Донья Инес понимающе улыбнулась ему. Музыкант встал и теперь рассматривал себя в зеркало.
— Они могли убить меня, пока я бежал от них в кромешной ночной тьме. Когда видишь огни, забываешь об одиночестве. На концертах я всегда любил ставить свечи прямо на рояль, даже если зал был хорошо освещен. Мне казалось, они смотрят на меня и подбадривают, благодаря за то, что я их зажег, а теплый воздух, словно ласковая рука, касался лба. Один огонь никогда не похож на другой, но все они — наши старые знакомые, милые лам с детства: так улыбается тебе человек, которого ты привык встречать улыбкой.
Музыкант подходит к столу и проводит рукой над пламенем пяти маленьких свечей в канделябре, точно лаская веселые язычки.

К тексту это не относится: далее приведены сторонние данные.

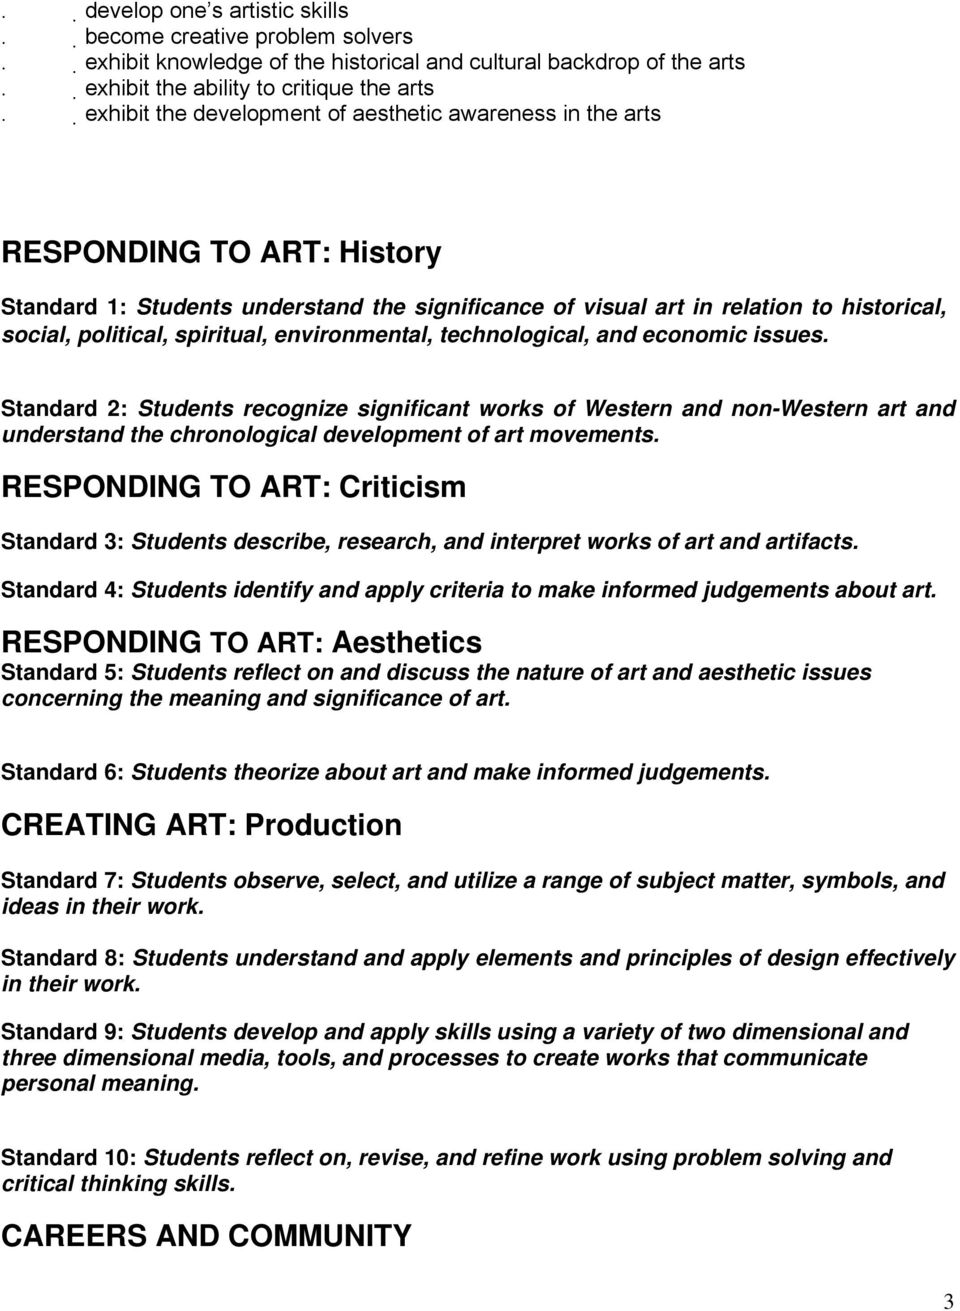 RESPONDING TO ART: Criticism Standard 3: Students describe, research, and interpret works of art and artifacts.

Он поворачивается к донье Инес.
— Вы госпожа этих мест?
— Кто еще, кроме меня, мог бы править здесь? Этот сад, этот дворец, этот лес, это царство — я сама. Иногда мне представляется, что я ухожу, покидаю замок ночью, бегу, ни с кем не простившись, и пока сии мысли занимают мое воображение, кажется — дом содрогается, двери слетают с петель, балки вот-вот сломаются, по стенам пойдут трещины, и все неизбежно рухнет в один миг, останется лишь груда щебня и пыли на земле. Все здесь подчиняется мне, музыкант, а я подобна мелодии в длинной симфонии; эта мелодия повторяется снова и снова — то медленно, то быстро, то в умеренном темпе.
Донья Инес перестала улыбаться. Музыкант погладил бороду, локоны и принялся рассматривать свои руки.
— Я сам пишу музыку, которую исполняю, и только она мне по душе. Я сажусь за рояль и переворачиваю листы дня и ночи один за другим, показываю всем красоту бегущей воды, босых женских ножек, деревьев, пестрых птиц, дорог, усыпанных розами, и колодцев, где в самой глубине в спокойной воде отражаются маленькие звезды.